**Exercise prompt**. What you write should match, word for word, the lines from the one containing "RED 70 x 100mm PEEL & SEAL ENVELOPES (i2)" through the end of the data, with no pictures.

[Given information Boundary: Start]

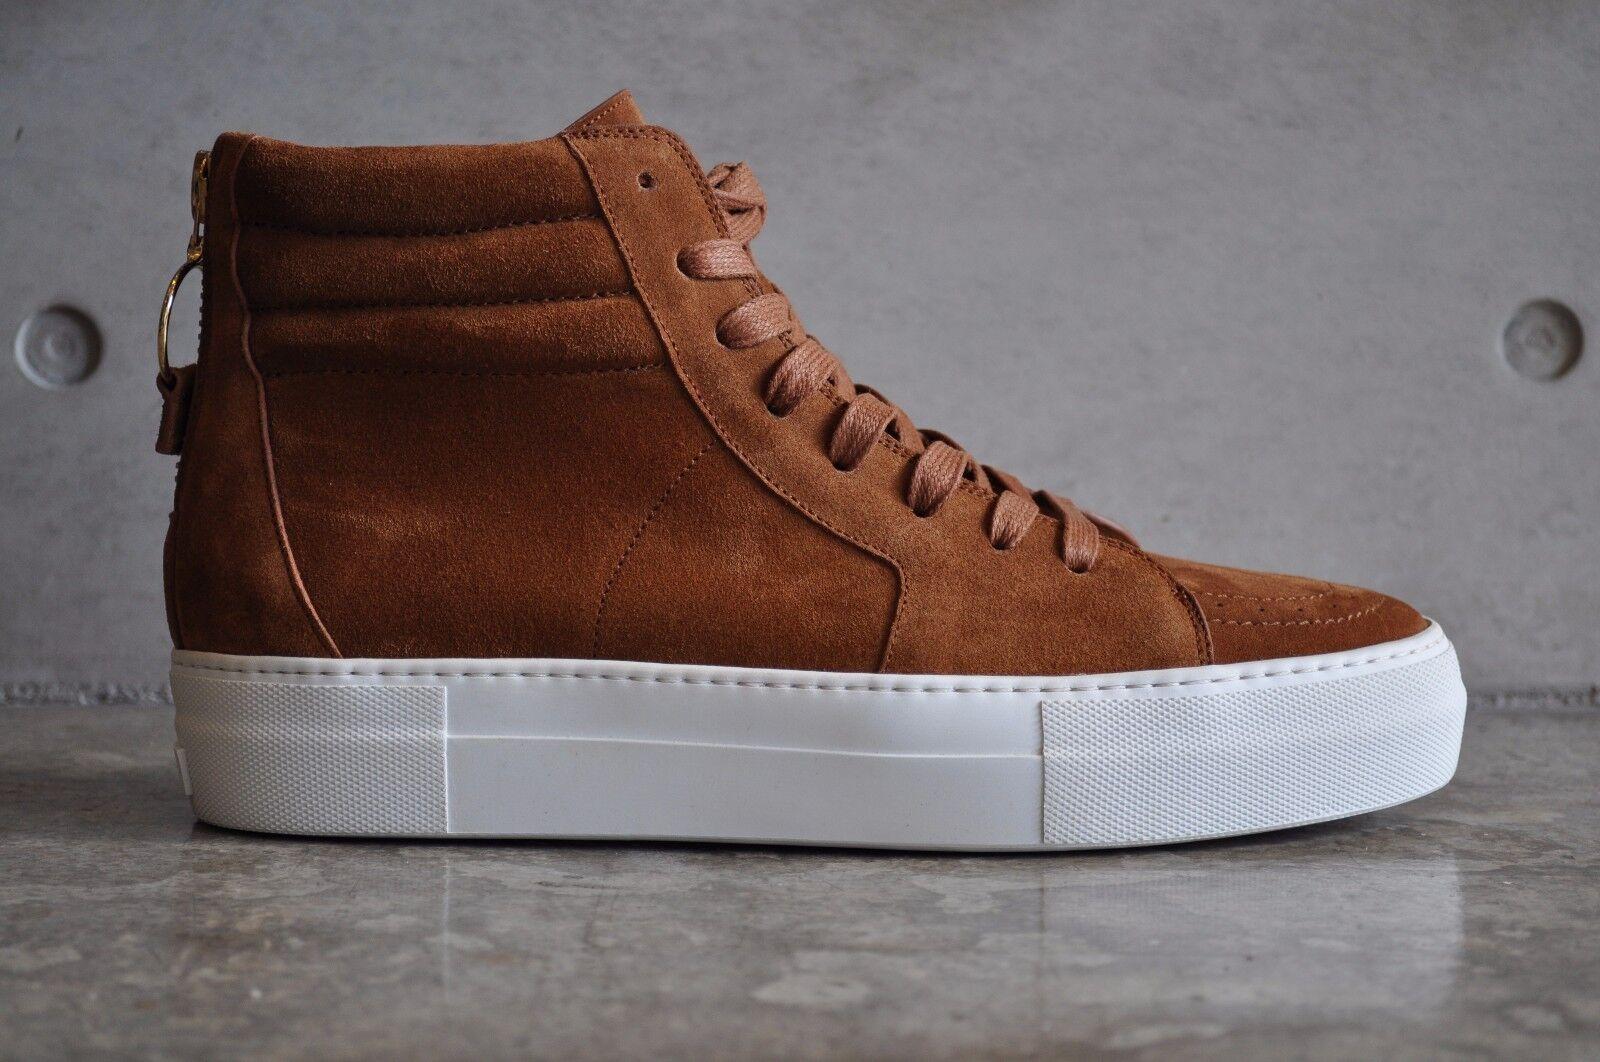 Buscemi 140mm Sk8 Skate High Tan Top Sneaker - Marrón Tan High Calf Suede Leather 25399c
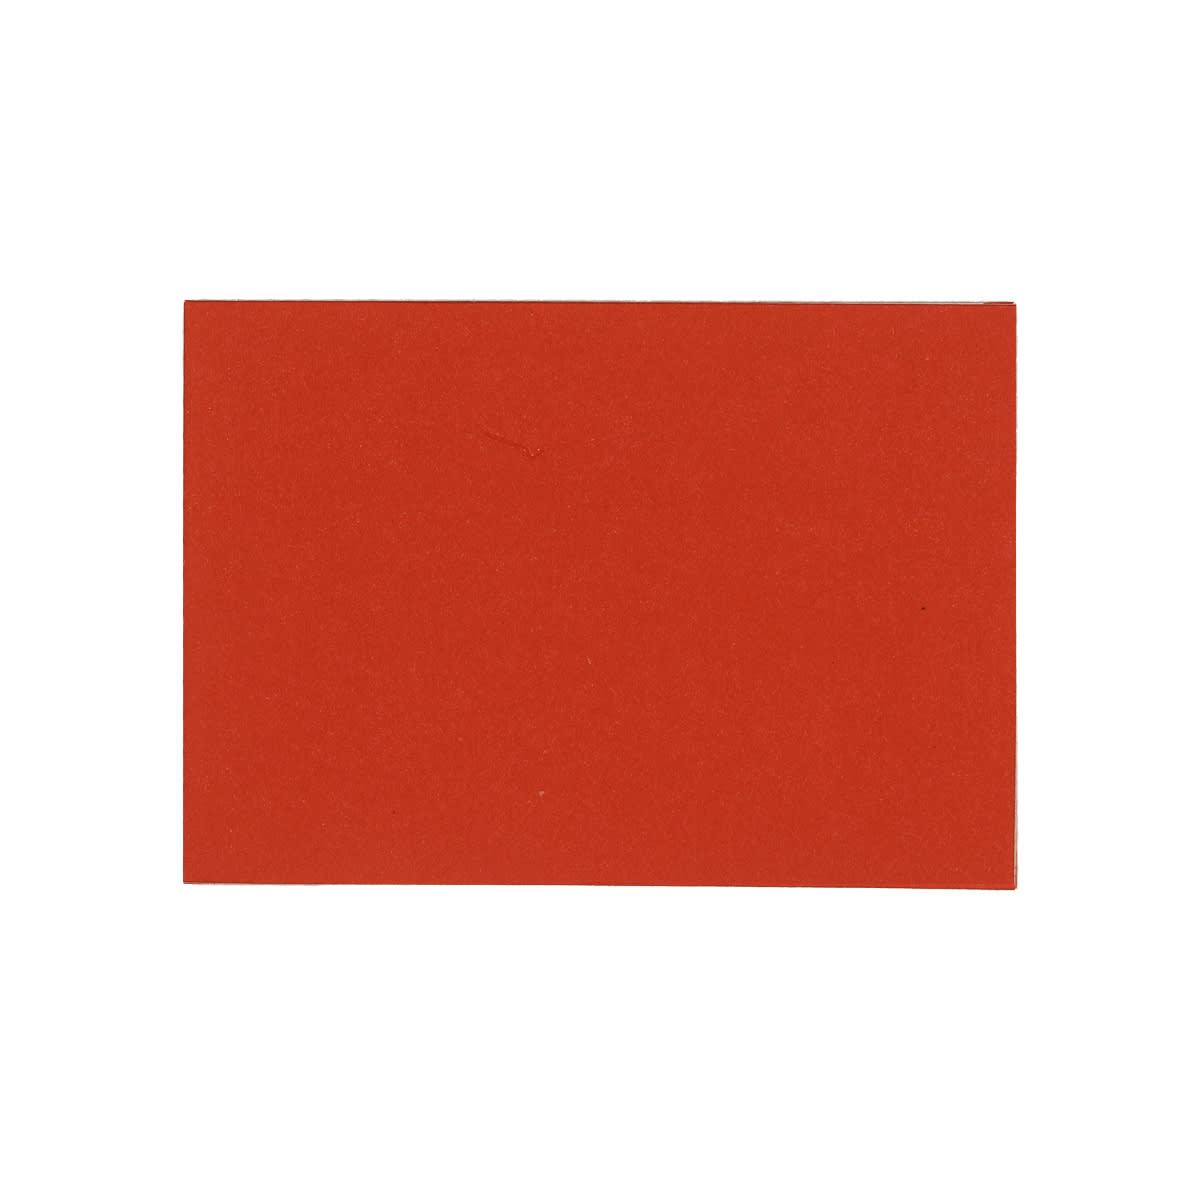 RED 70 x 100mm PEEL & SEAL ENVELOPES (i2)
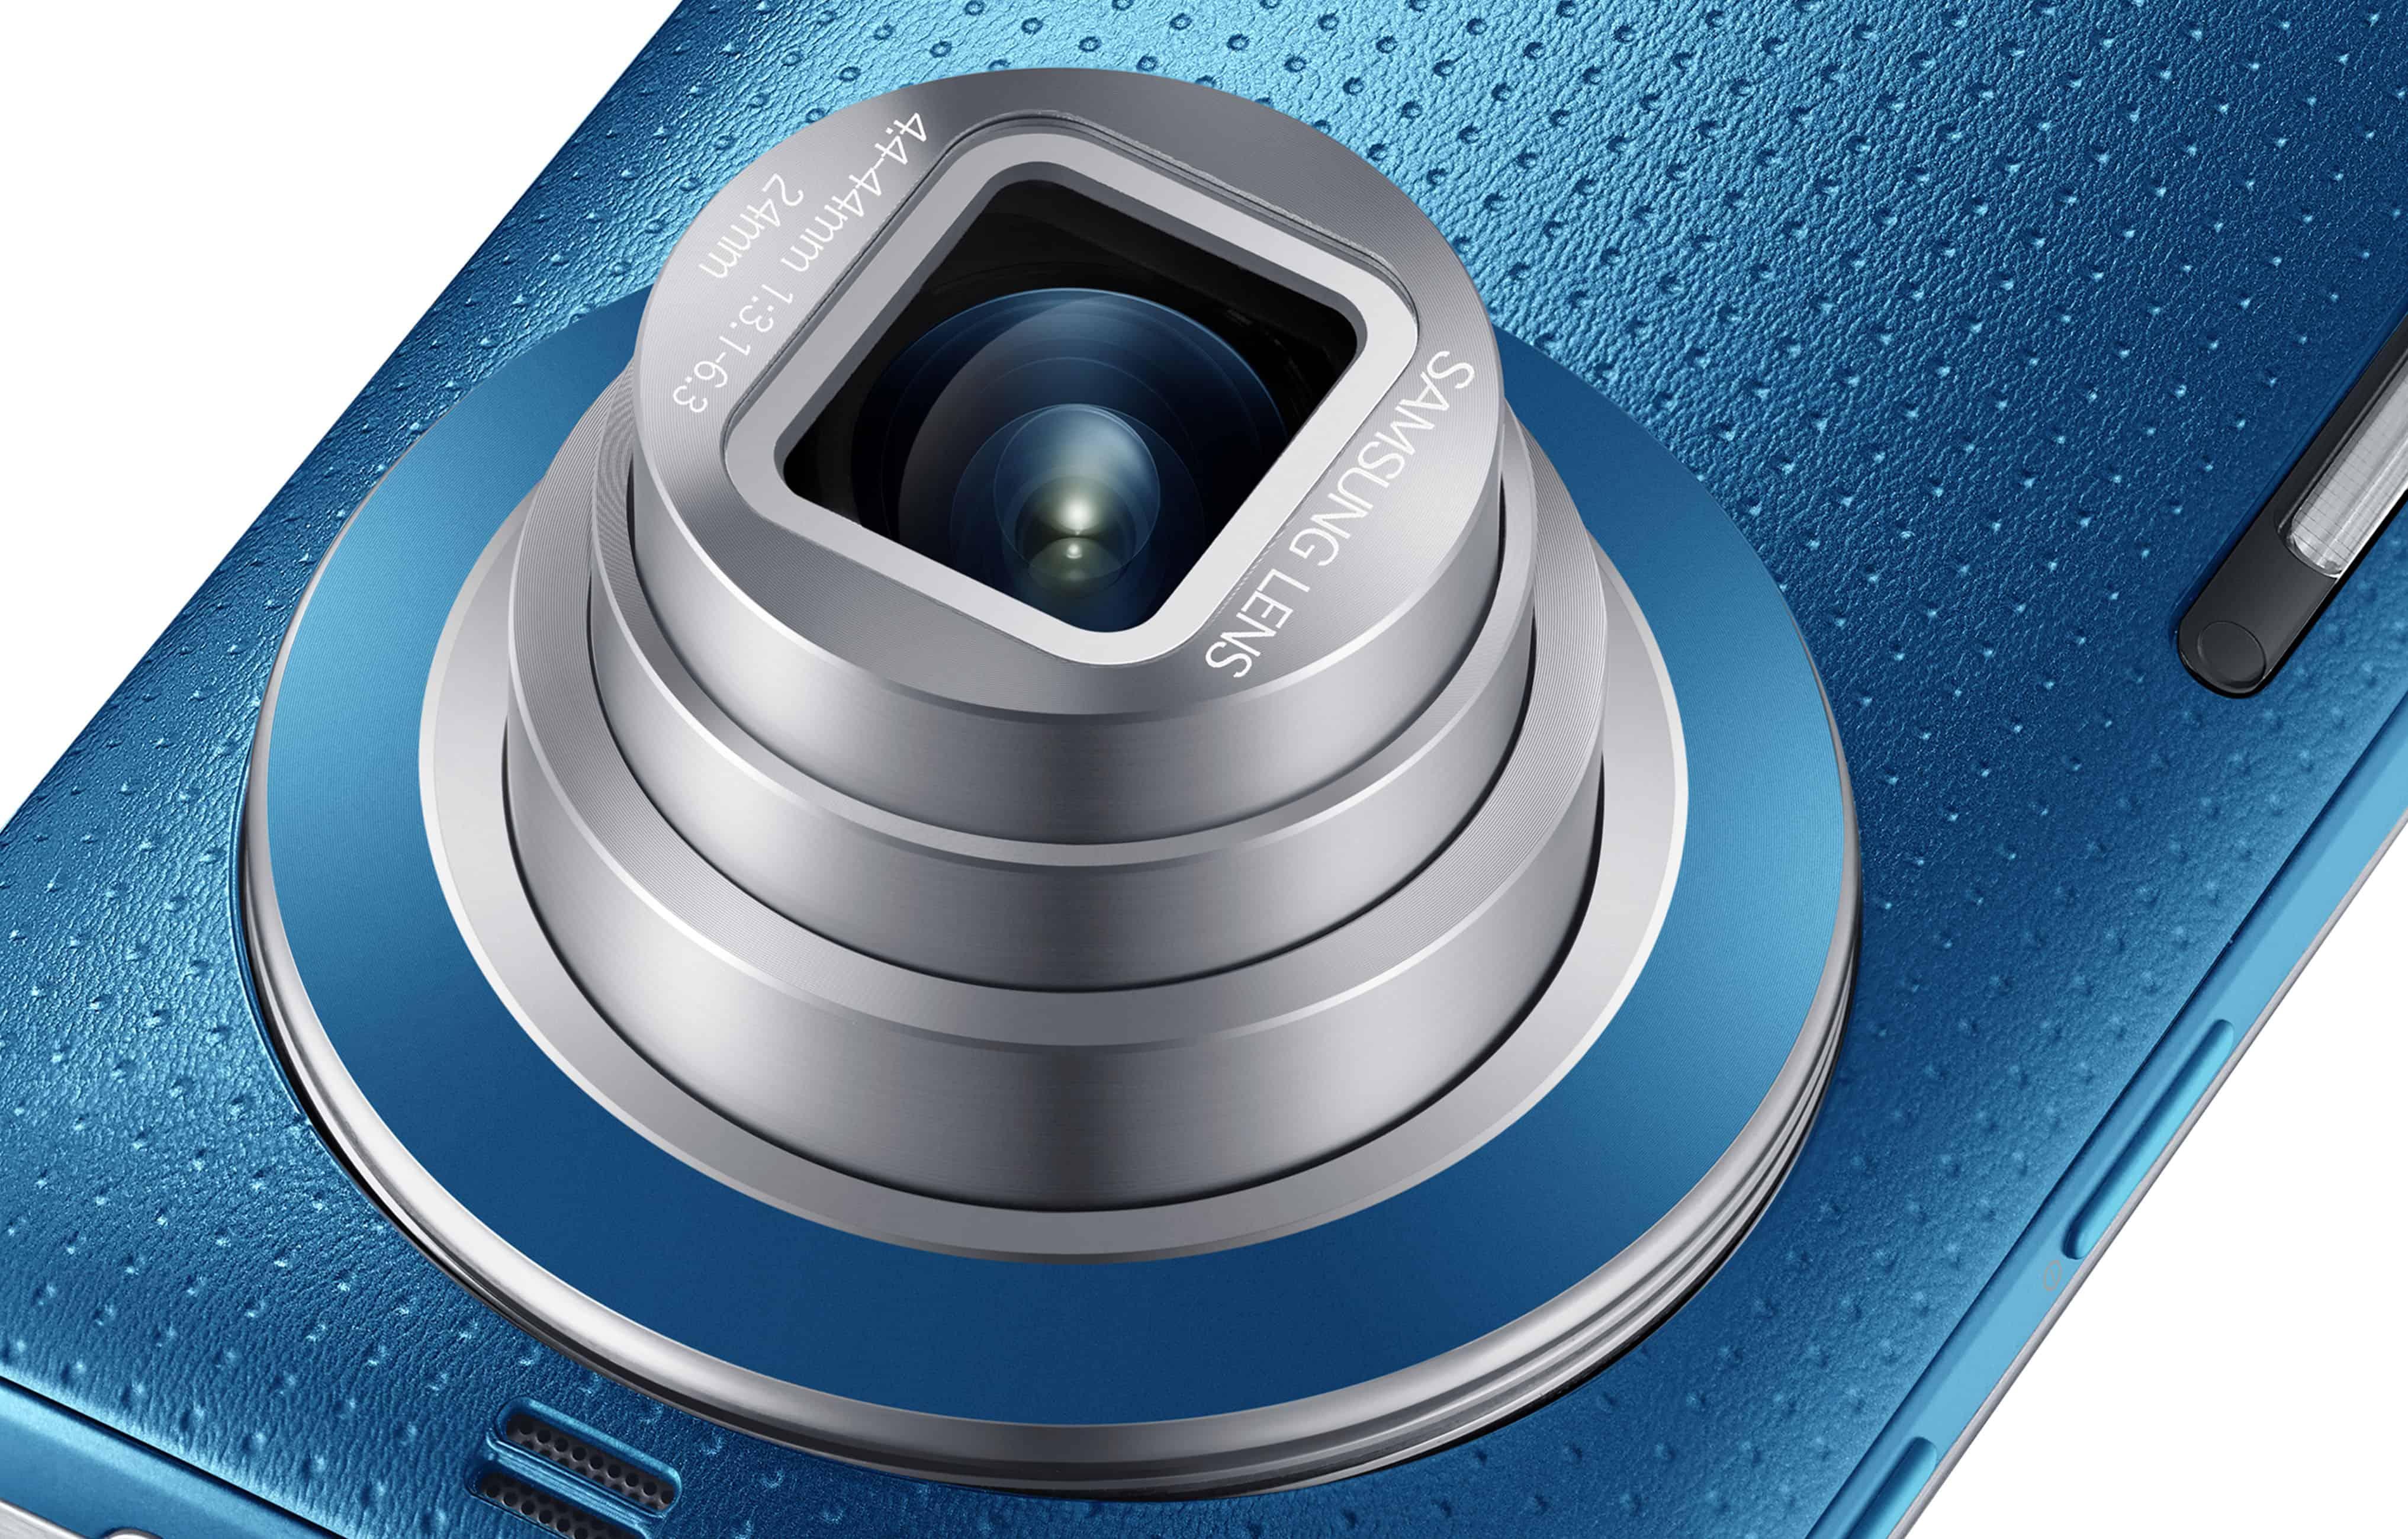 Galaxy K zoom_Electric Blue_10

[Given information Boundary: End]

**Your solution**.
 RED 70 x 100mm PEEL & SEAL ENVELOPES (i2)
 Galaxy K zoom_Electric Blue_10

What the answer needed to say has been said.